这就表示他们相互之间是串行的(相对dispatch线程和rocksdb/leveldb落盘操作来说是串行,相对Paxos服务并不完全是,参考上面提到的timer线程和finisher线程),可能会互相影响。
根据上面的问题2代码分析,可以看出一次决议有4次落盘(从角色看leader、peon各两次,具体到决议过程是begin阶段leader、peon各一次,commit阶段leader、peon各一次),其中leader在收到peon的accept回复之后的commit阶段的落盘是异步的,其他都是同步。
但是不管同步还是异步落盘,对提案提交者来说,总是要等待决议通过之后才能收到回复,才能继续执行后续流程。
同步落盘:
int apply_transaction(MonitorDBStore::TransactionRef t) {
KeyValueDB::Transaction dbt = db->get_transaction();
if (do_dump) {
if (!g_conf->mon_debug_dump_json) {
bufferlist bl;
t->encode(bl);
bl.write_fd(dump_fd_binary);
} else {
t->dump(&dump_fmt, true);
dump_fmt.flush(dump_fd_json);
dump_fd_json.flush();
}
}
list<pair<string, pair<string,string> > > compact;
for (list<Op>::const_iterator it = t->ops.begin();
it != t->ops.end();
++it) {
const Op& op = *it;
switch (op.type) {
case Transaction::OP_PUT:
dbt->set(op.prefix, op.key, op.bl);
break;
case Transaction::OP_ERASE:
dbt->rmkey(op.prefix, op.key);
break;
case Transaction::OP_COMPACT:
compact.push_back(make_pair(op.prefix, make_pair(op.key, op.endkey)));
break;
default:
derr << __func__ << " unknown op type " << op.type << dendl;
ceph_abort();
break;
}
}
int r = db->submit_transaction_sync(dbt);//提交事务到store层
if (r >= 0) {
while (!compact.empty()) {
if (compact.front().second.first == string() &&
compact.front().second.second == string())

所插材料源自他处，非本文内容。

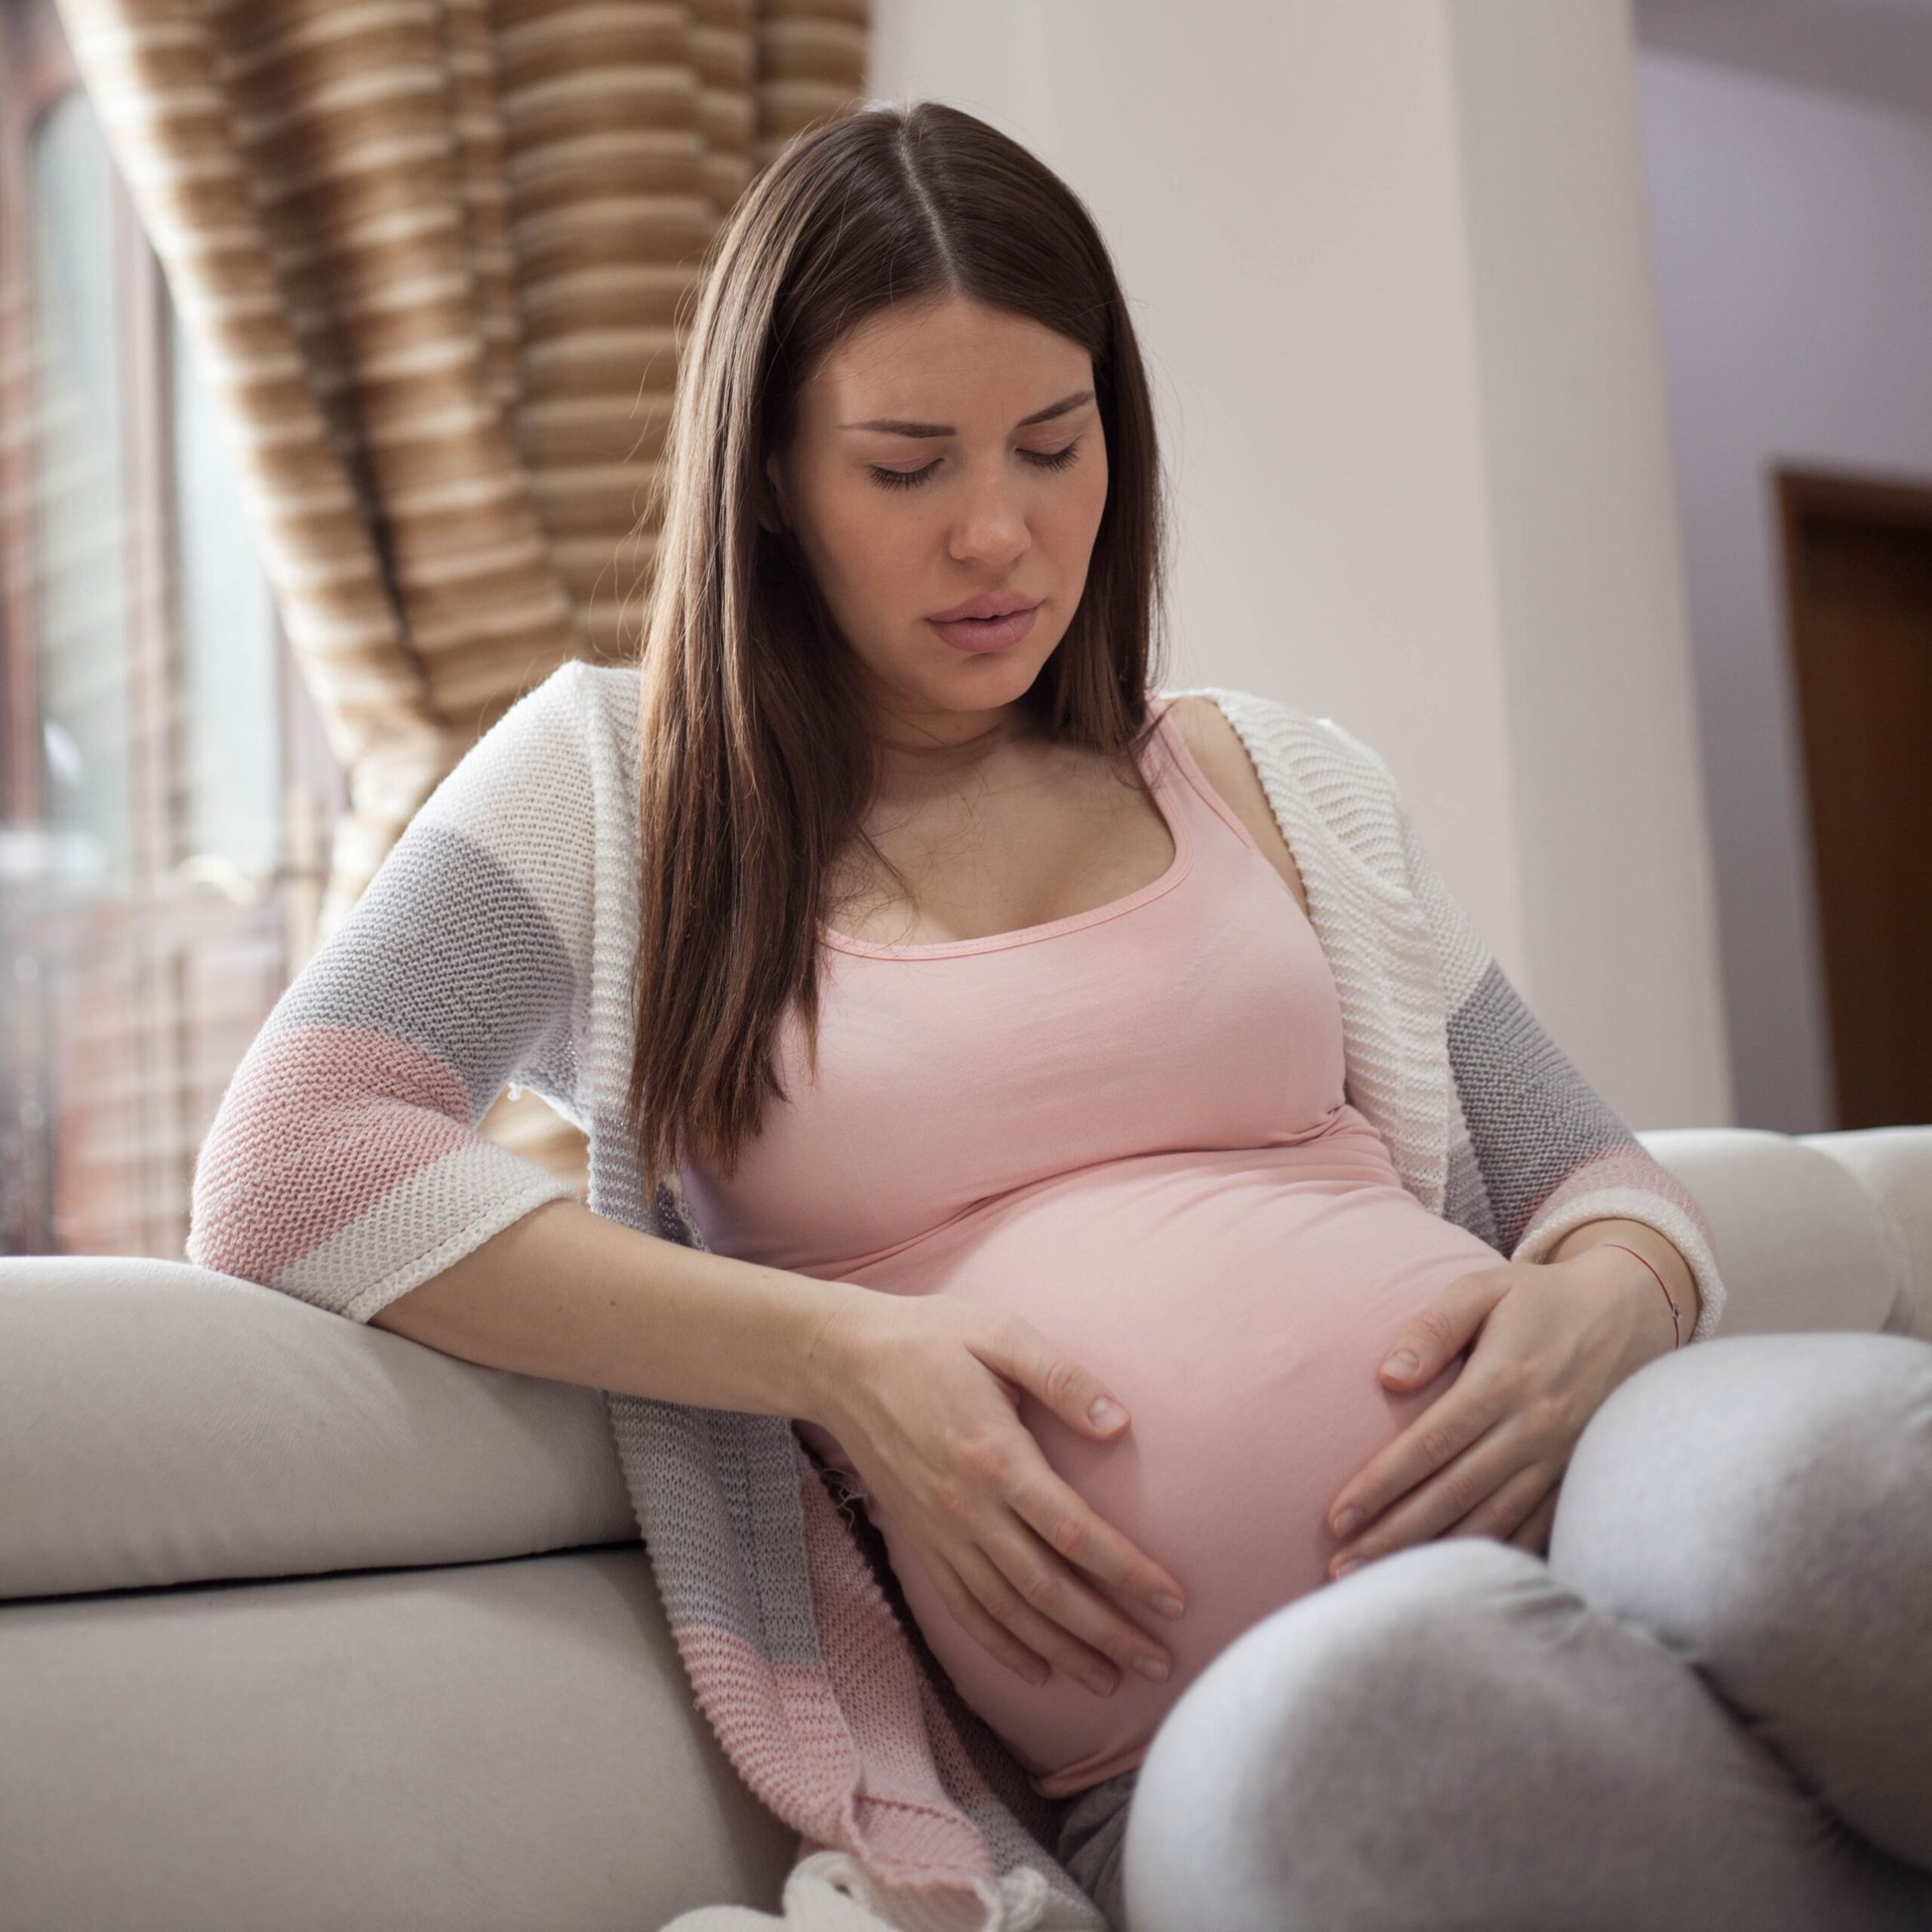 femme enceinte assise qui tient son ventre

db->compact_prefix_async(compact.front().first);
else
db->compact_range_async(compact.front().first, compact.front().second.first, compact.front().second.second);
compact.pop_front();
}
} else {
assert(0 == "failed to write to db");
}
return r;
}int RocksDBStore::submit_transaction_sync(KeyValueDB::Transaction t)
{
utime_t start = ceph_clock_now();
// enable rocksdb breakdown
// considering performance overhead, default is disabled
if (g_conf->rocksdb_perf) {
rocksdb::SetPerfLevel(rocksdb::PerfLevel::kEnableTimeExceptForMutex);
rocksdb::perf_context.Reset();
}
RocksDBTransactionImpl * _t =
static_cast<RocksDBTransactionImpl *>(t.get());
rocksdb::WriteOptions woptions;
woptions.sync = true;
woptions.disableWAL = disableWAL;
lgeneric_subdout(cct, rocksdb, 30) << __func__;
RocksWBHandler bat_txc;
_t->bat.Iterate(&bat_txc);
*_dout << " Rocksdb transaction: " << bat_txc.seen << dendl;
rocksdb::Status s = db->Write(woptions, &_t->bat);//写入rocksdb数据库接口
if (!s.ok()) {
RocksWBHandler rocks_txc;
_t->bat.Iterate(&rocks_txc);
derr << __func__ << " error: " << s.ToString() << " code = " << s.code()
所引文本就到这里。